=== WHAT IS REQUIRED ===
Only the pictures should be left out; repeat the rest of the data exactly.

=== PROVIDED MATERIAL ===

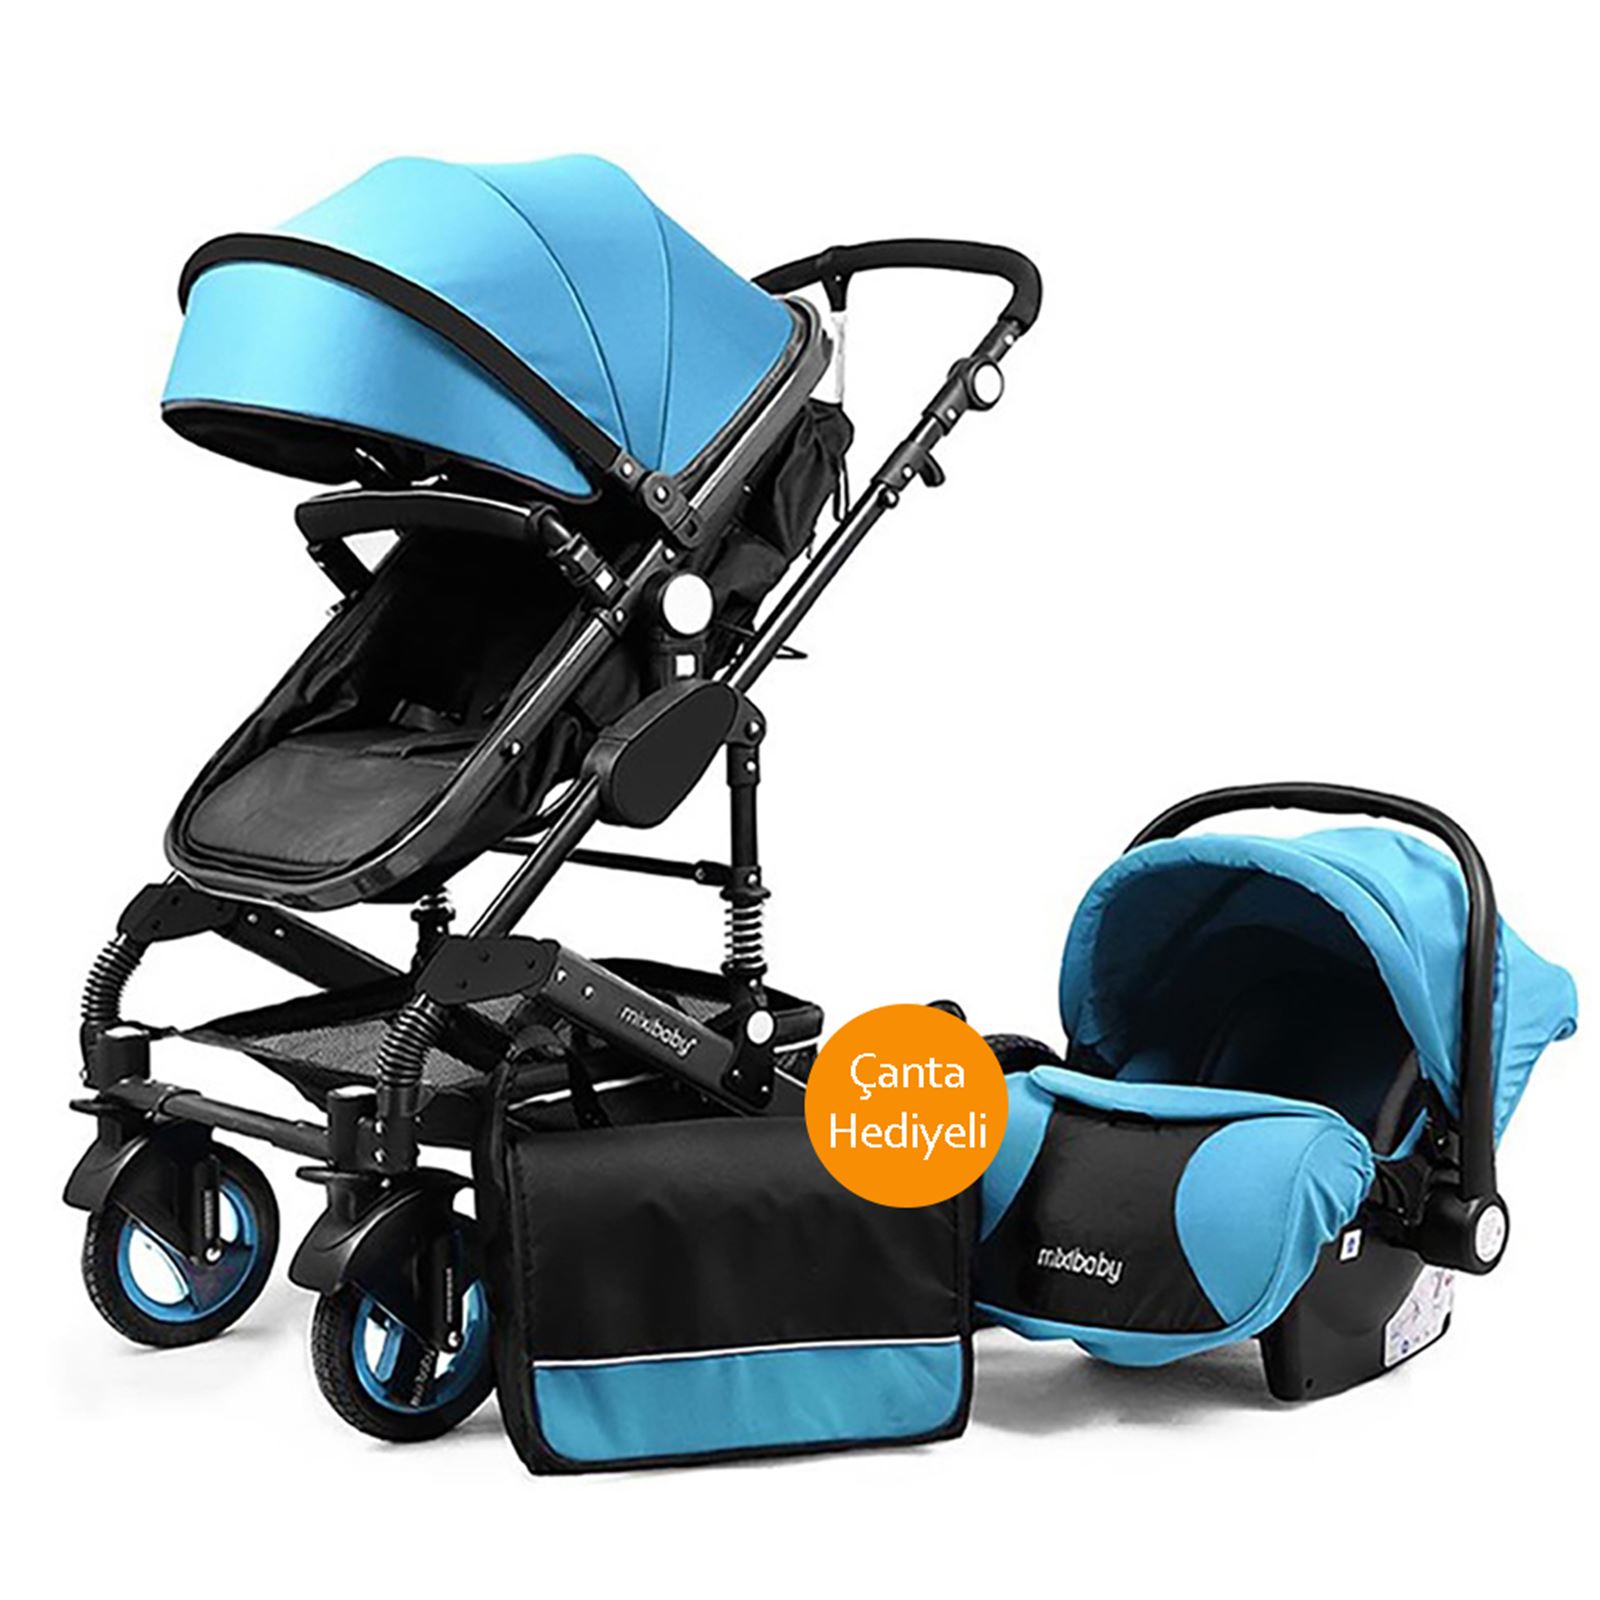 Mixi Baby Travel Sistem Bebek Arabası Mavi
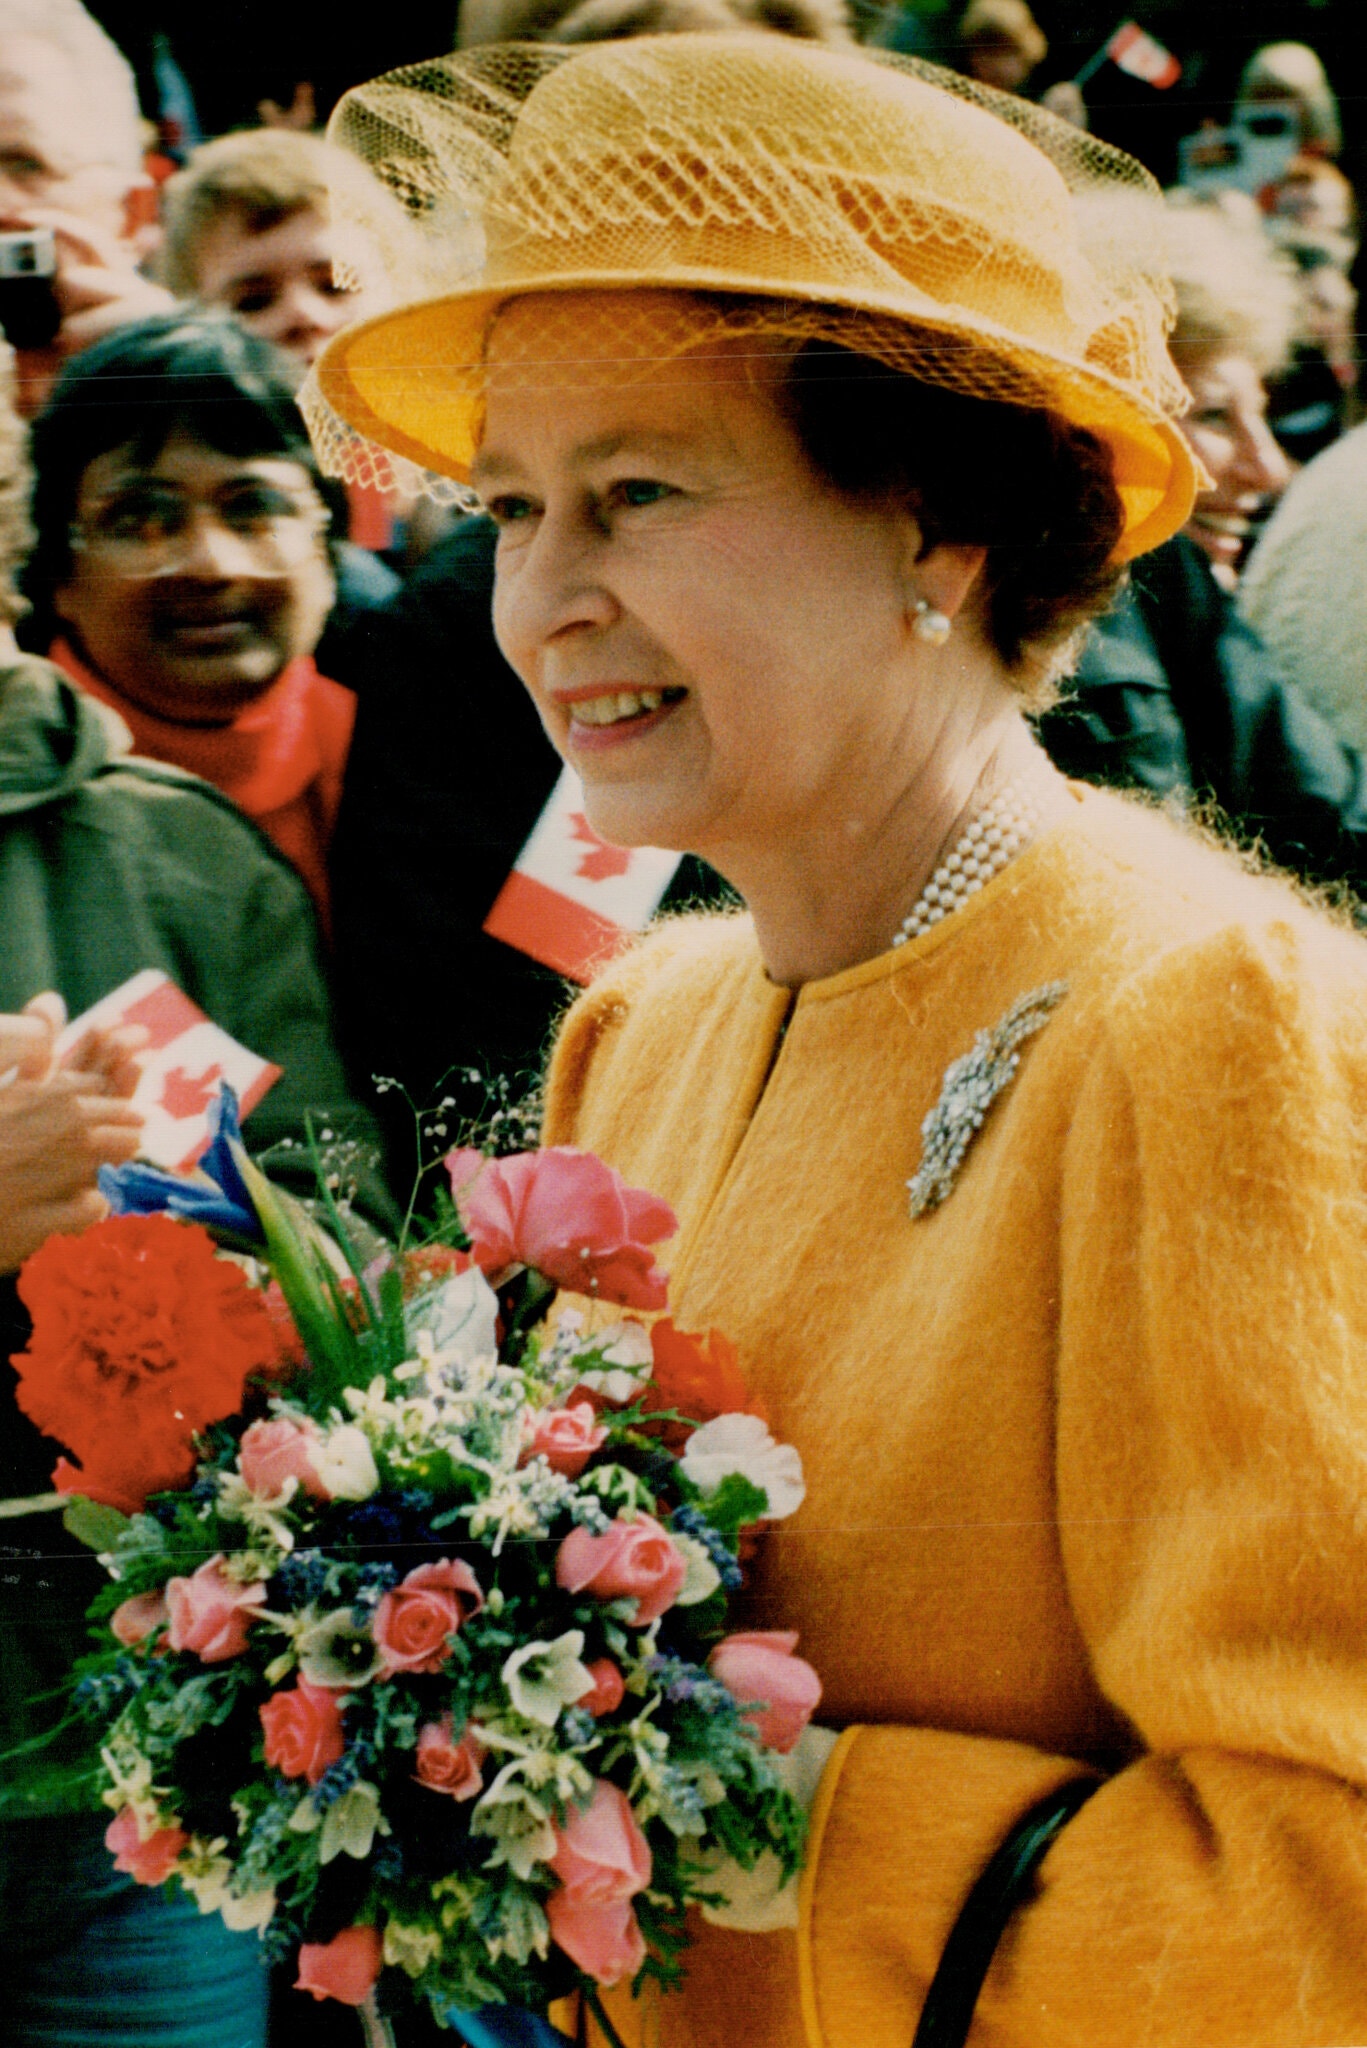 Bí mật đằng sau gu thời trang của Nữ hoàng Anh trong 70 năm trị vì: Dùng trang phục để thể hiện quyền lực - Ảnh 8.
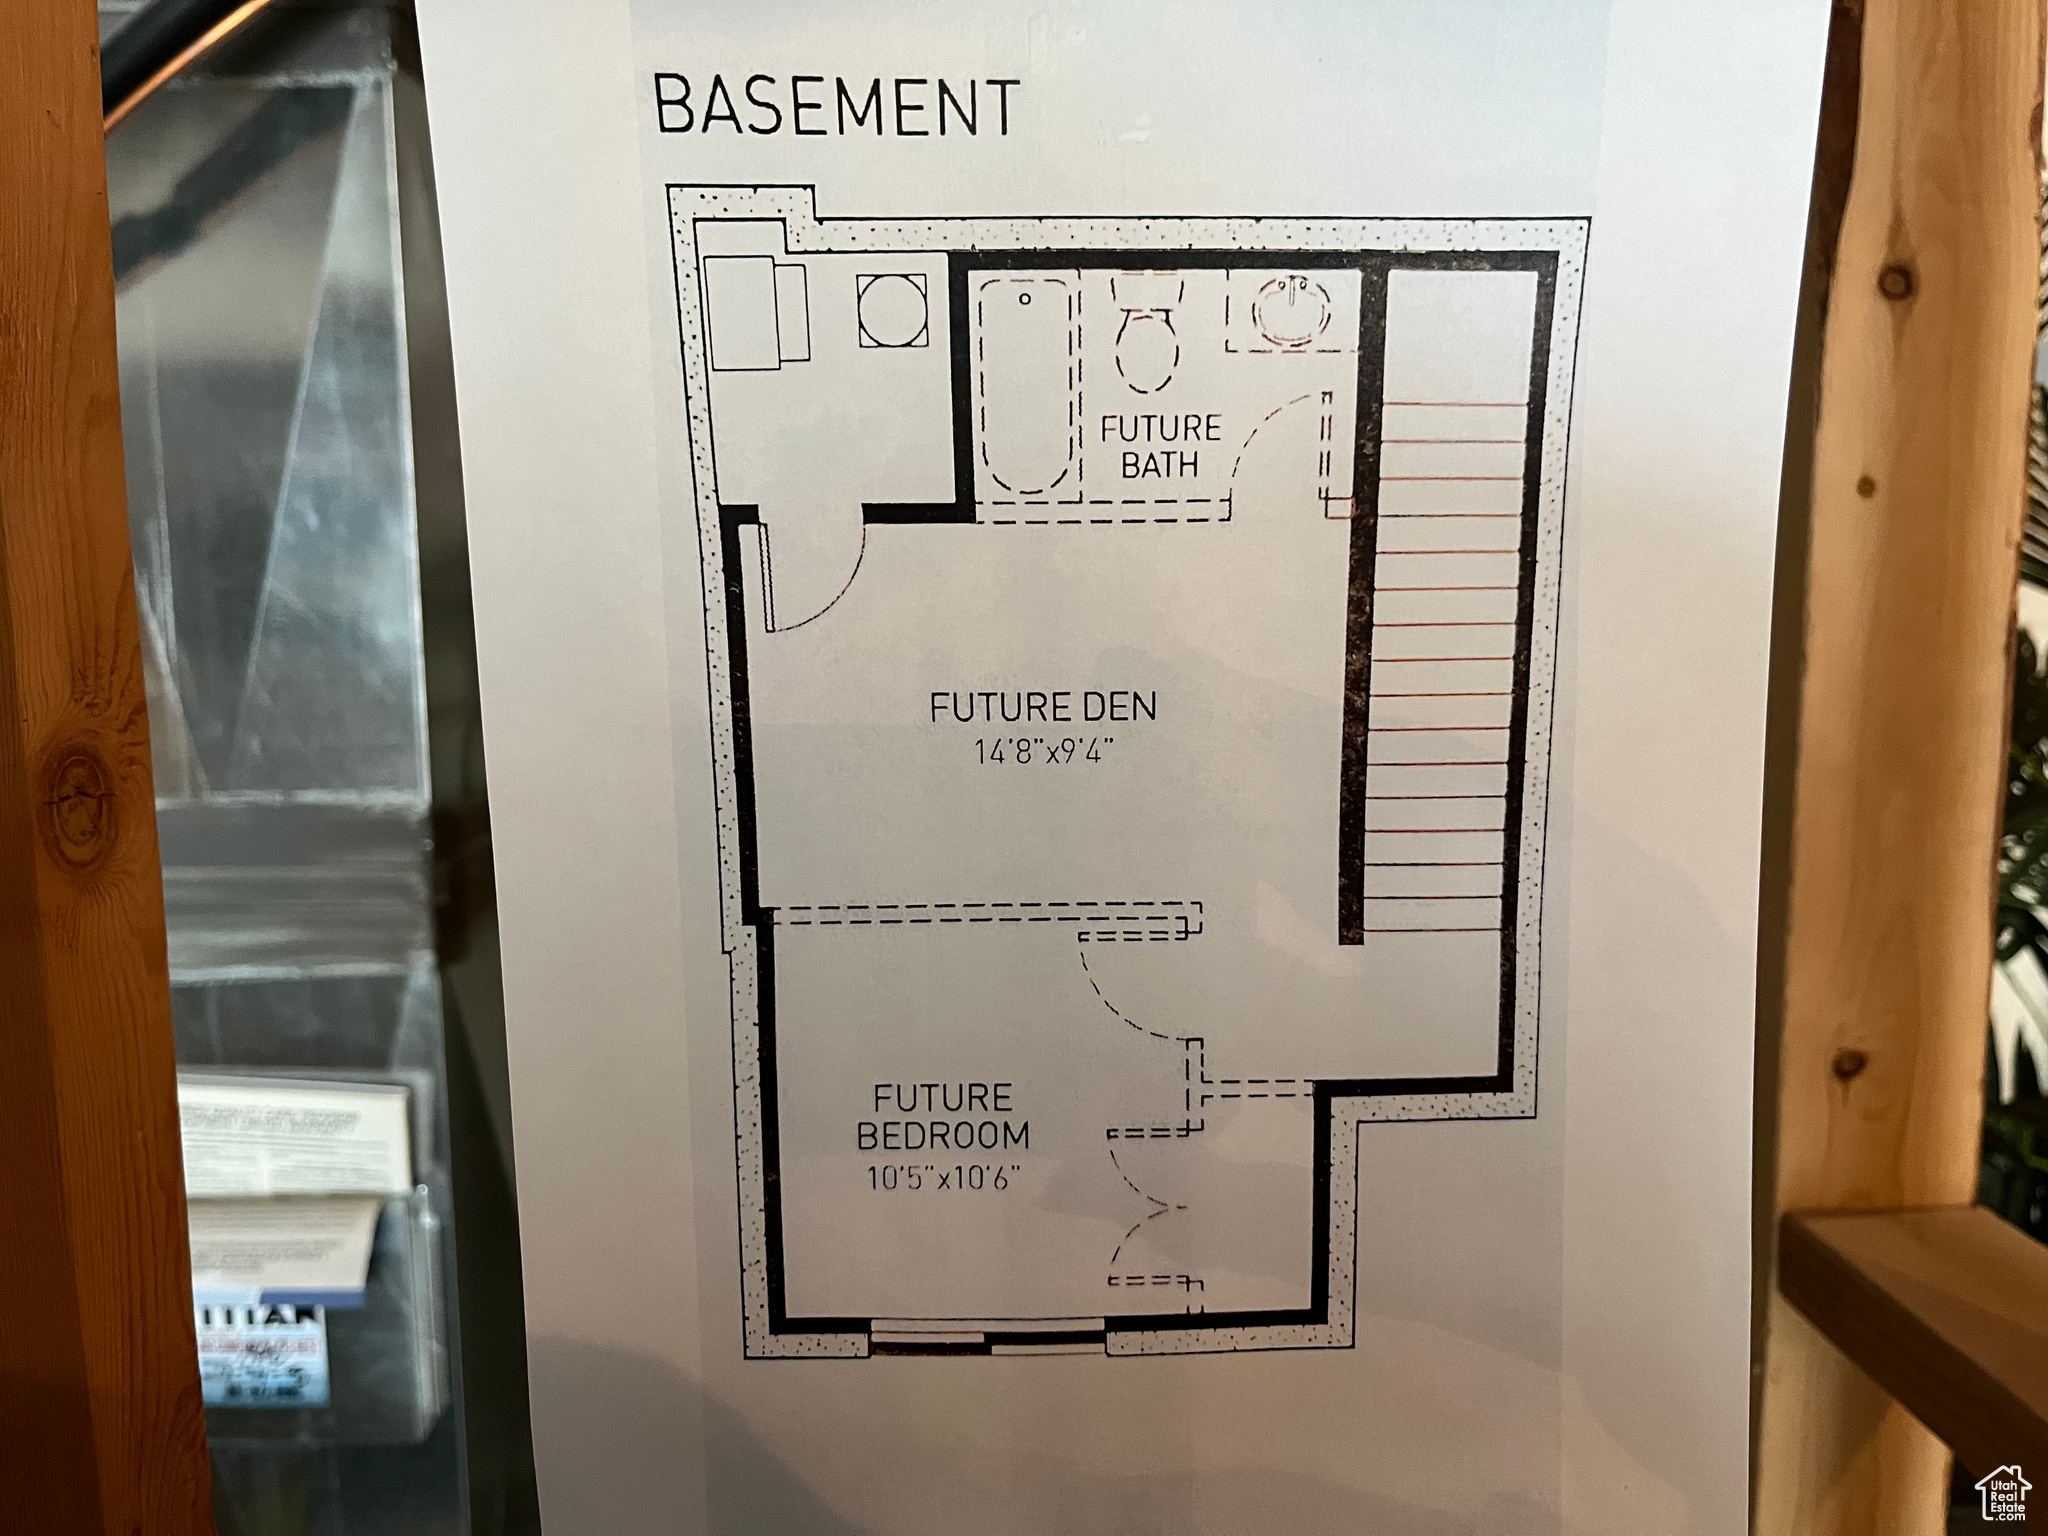 Optional floor Plan for basement

=== YOUR RESPONSE ===
 Mixi Baby Travel Sistem Bebek Arabası Mavi
 Bí mật đằng sau gu thời trang của Nữ hoàng Anh trong 70 năm trị vì: Dùng trang phục để thể hiện quyền lực - Ảnh 8.
 Optional floor Plan for basement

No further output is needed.